Ahora estaba sentada mirando las estrellas y su corazón se había transformado en hielo en su interior, porque aunque la base de Pájaro Negro no mencionaba a los prisioneros, sí escondía otra información. Supo por fin a lo que se enfrentaría, y no era a un crucero pesado. Ni parecido.

—Bueno —dijo al fin—, por lo menos ahora lo sabemos.

—Sí, señora —respondió Alice Truman en voz baja. Calló durante un momento y luego formuló la pregunta que todos tenían en mente—. ¿Qué haremos ahora, señora?

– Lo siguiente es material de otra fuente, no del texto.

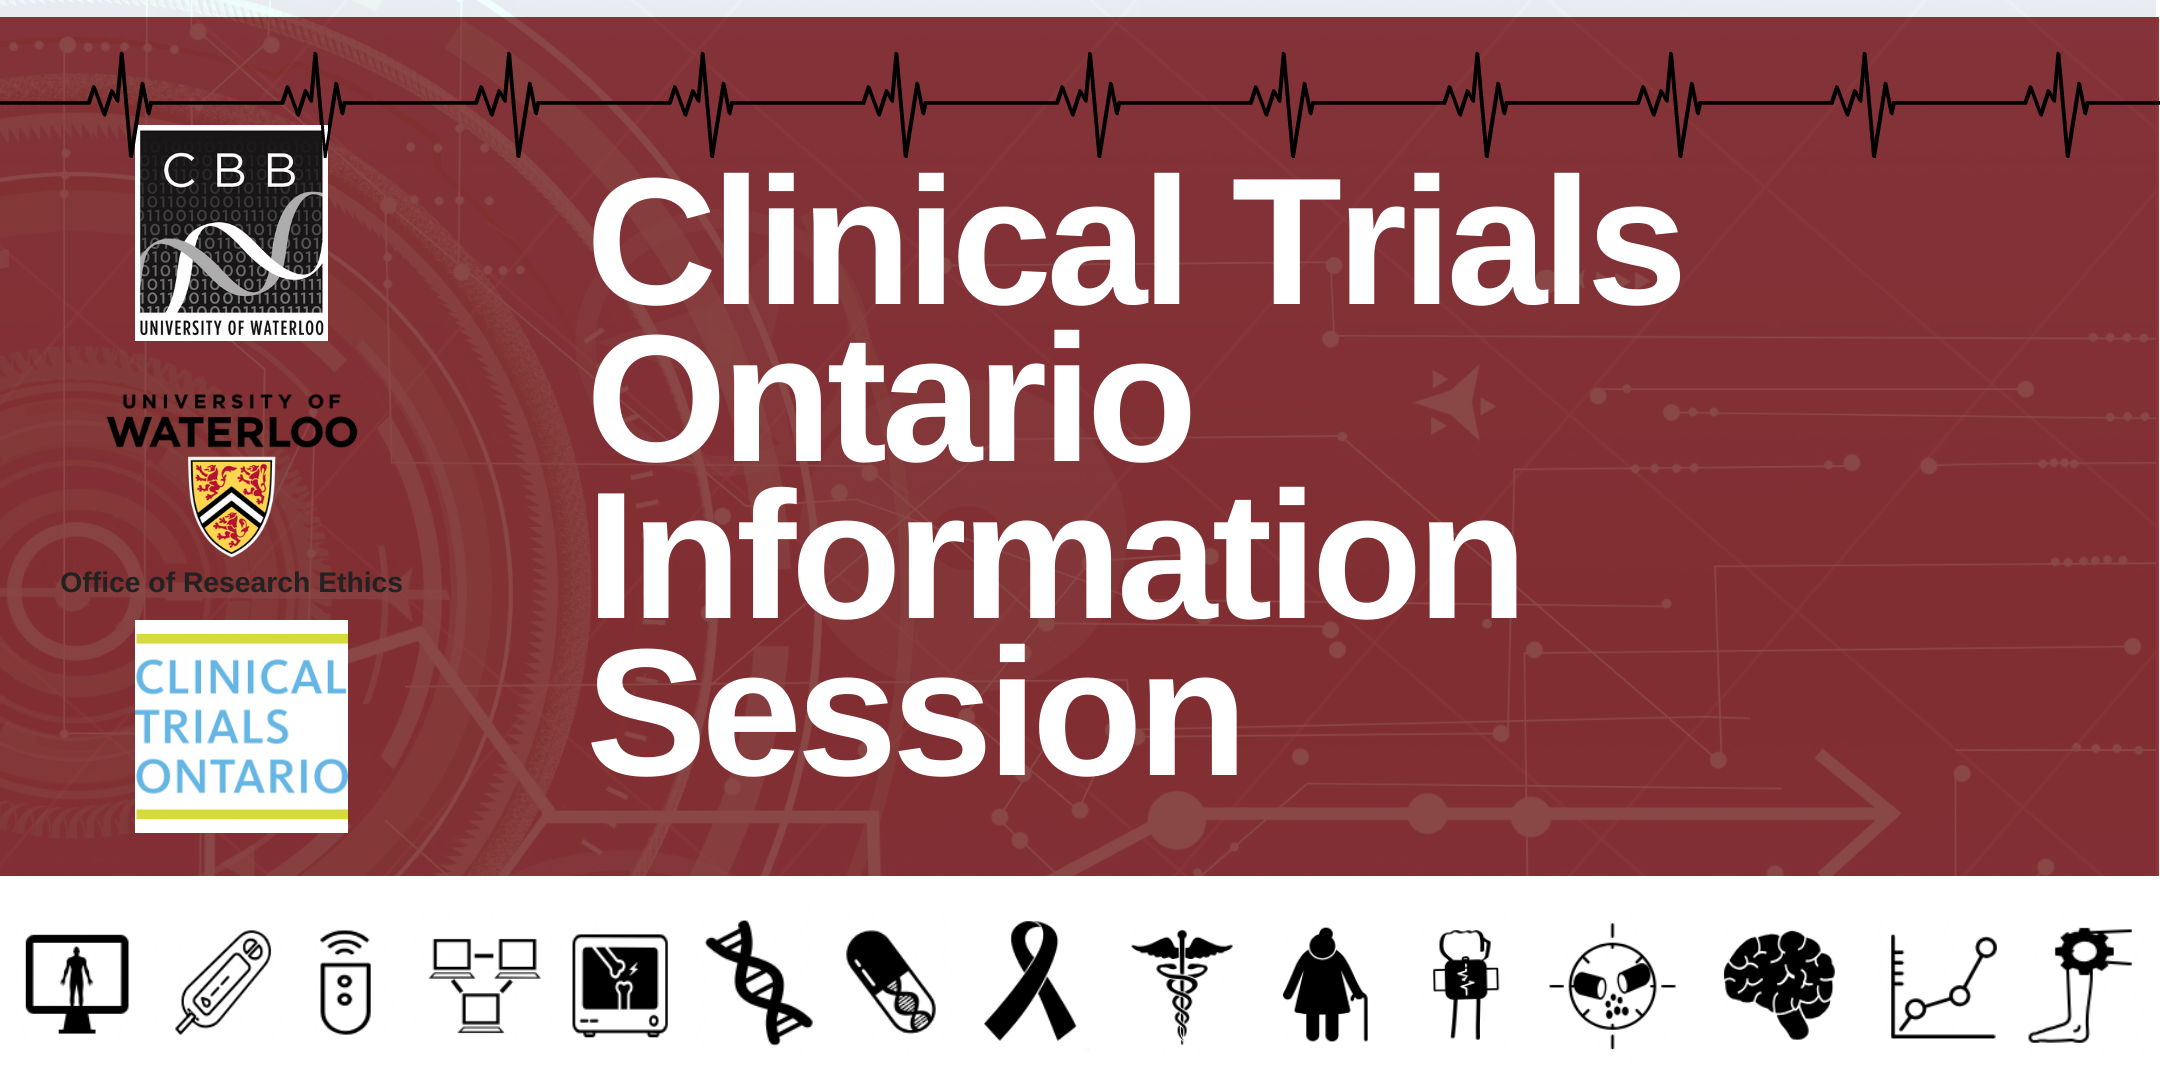 CBB Clinical trials Ontario poster

La comisura derecha de la boca de Honor sonrió sin alegría, porque en lo más profundo de su ser temía saber la respuesta. Tenía un crucero pesado dañado, un destructor dañado y un crucero ligero completamente lisiado, y se enfrentaba con un crucero de batalla de ochocientas cincuenta mil toneladas. Lo que quedaba de la Armada Graysonita ni siquiera lo contaba. Más le valdría disparar a todos los miembros de sus tripulaciones que sacrificarlos contra un crucero de batalla de la clase Sultán… y su propia nave tampoco serviría de nada contra él. A pesar de que los sistemas electrónicos del Intrépido eran mejores, quedarían pocos supervivientes si el Trovador y ella se enfrentaban mano a mano contra el Trueno de Dios.

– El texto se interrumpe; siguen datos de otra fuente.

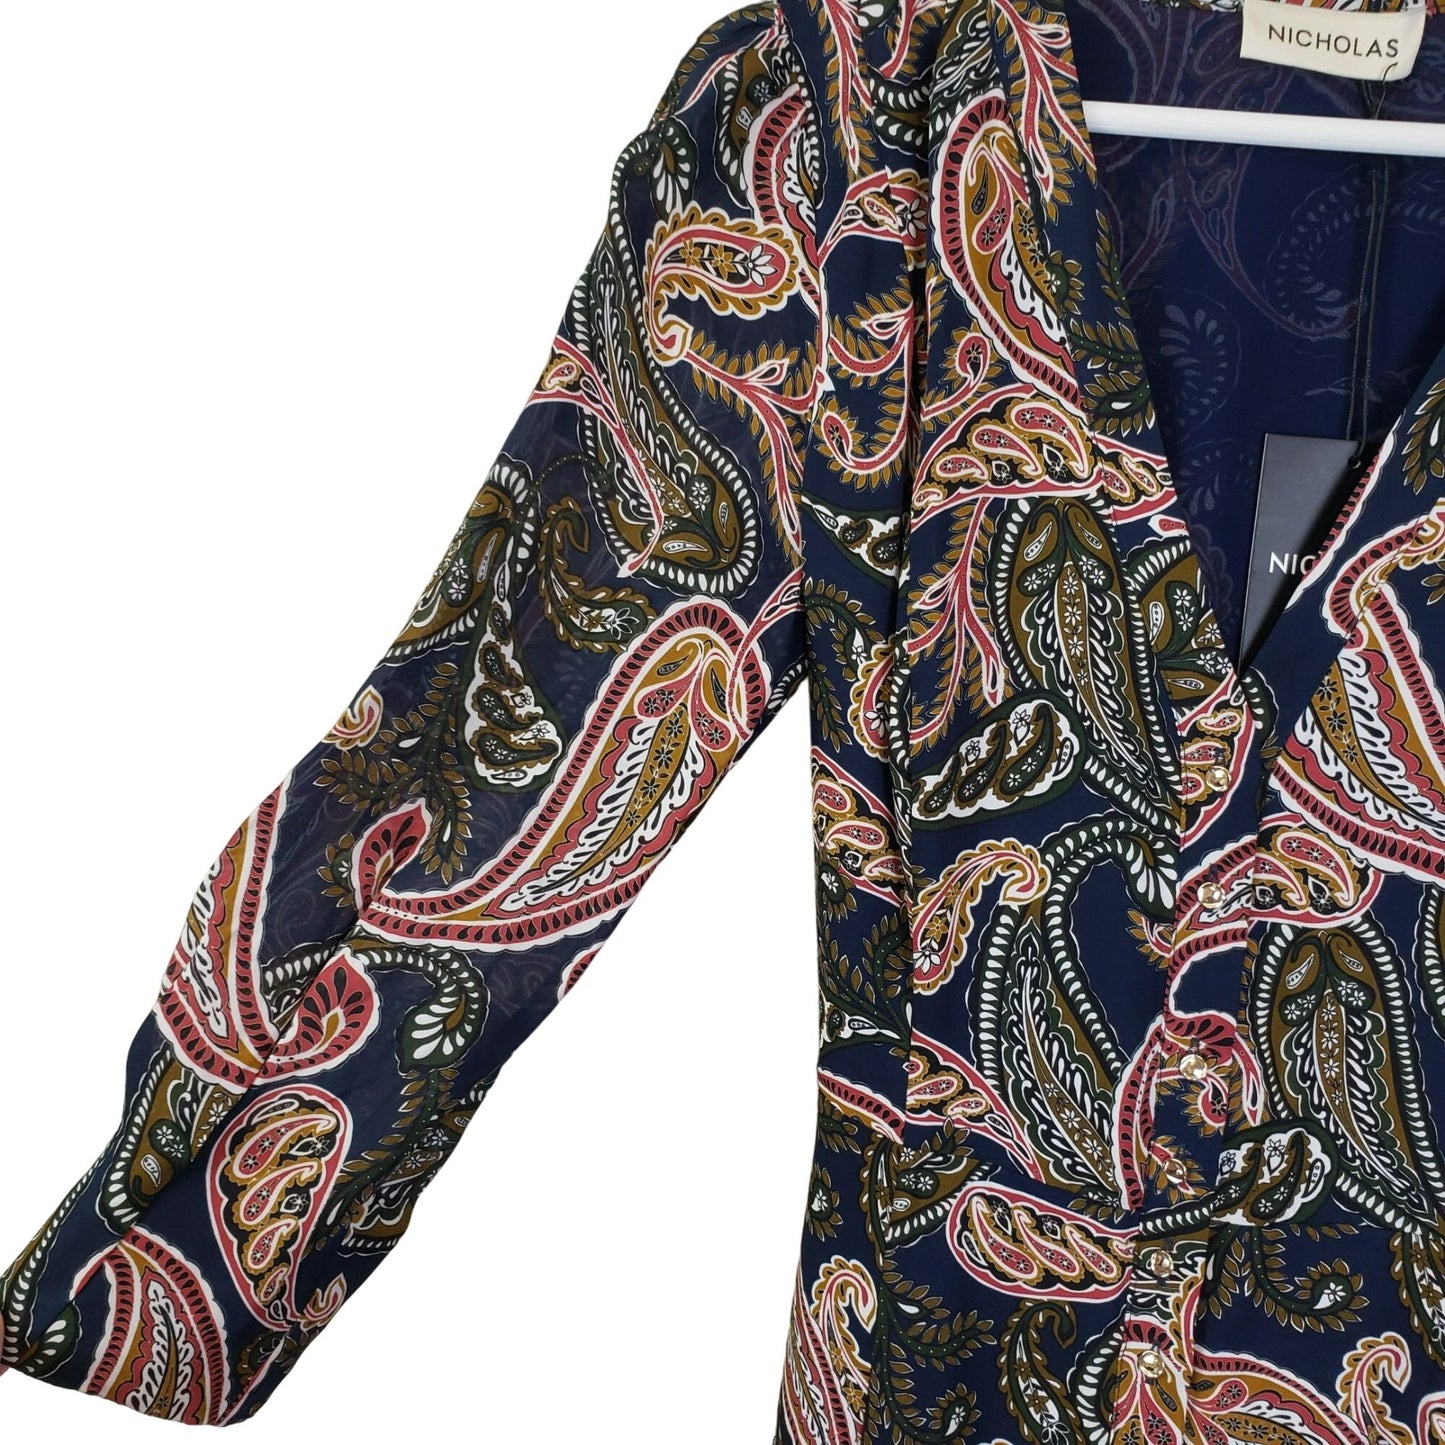 NWT Nicholas 100% Silk Noura Jaipur Paisley Print Maxi Dress in Midnight Size 4

—Haremos lo que podamos, Alice —le respondió con suavidad. Enderezó los hombros y apartó la mirada de la mampara. Su voz era más tensa—. Cabe la posibilidad de que decidan no utilizarlo. Han perdido casi todas sus unidades masadianas. Eso deja a Haven al descubierto. El patrón del Trueno de Dios tiene que saberlo tan bien como nosotros, y tampoco estará seguro de para cuándo esperamos los refuerzos.

—Pero nosotros sí lo sabemos, señora. —La voz de McKeon era tímida—. Los cargueros no llegarán a Mantícora hasta dentro de otros nueve días. Añádale otros cuatro días para que la Flota responda, y…

Se encogió de hombros.

—Lo sé. —Honor miró a Truman—. Los nodos del Apolo y sus velas de Warshawski están bien, Alice. Podrás reducir ese tiempo de respuesta en cinco días.

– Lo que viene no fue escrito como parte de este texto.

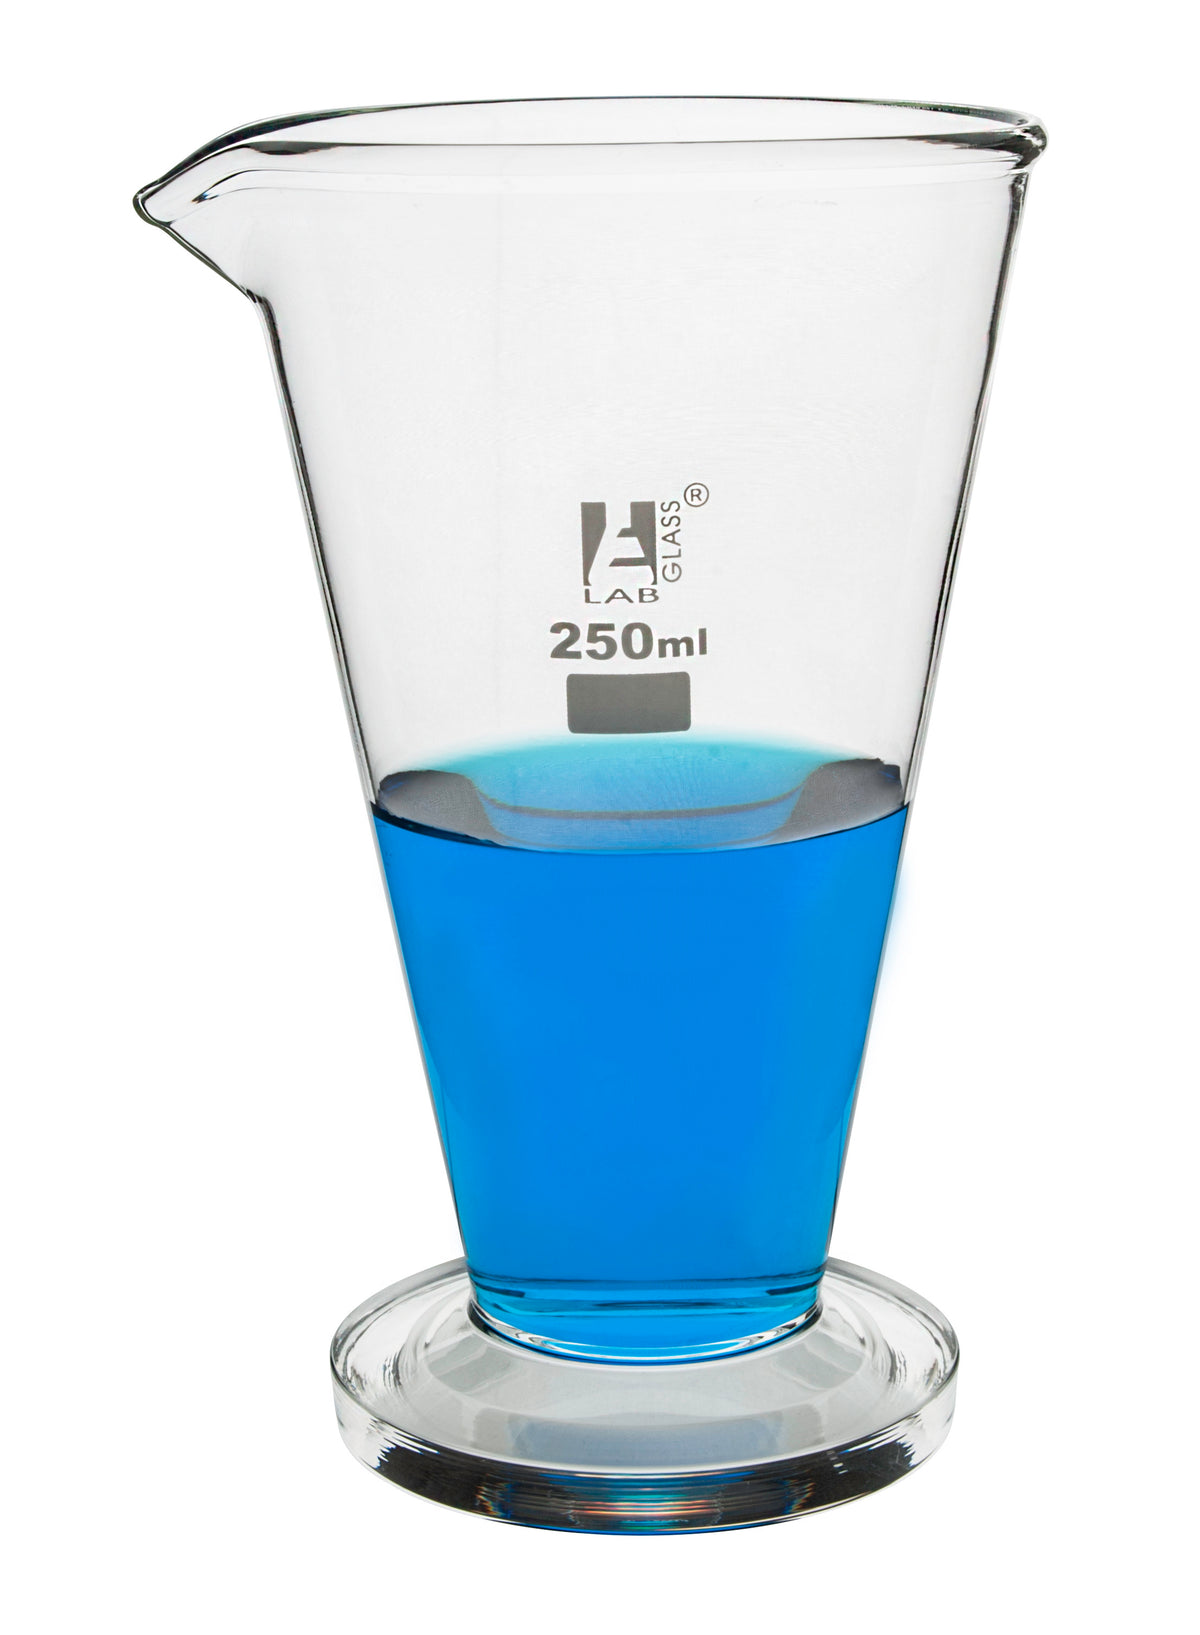 Why Is Borosilicate Glass Preferred for Lab Glassware? - USA Lab

—Sí, señora. —El rostro de Truman reflejaba su absoluta infelicidad, pero no había nada que pudiera hacer allí.

—Alistair, tú y yo tendremos que reunimos durante nuestro viaje de vuelta a Grayson para planear lo que vamos a hacer. Tendremos que ser listos durante el combate… si este llega a producirse.

—Sí, señora —accedió McKeon tan en voz baja como había hablado Truman, y Honor miró al almirante Matthews cuando este se aclaró la garganta.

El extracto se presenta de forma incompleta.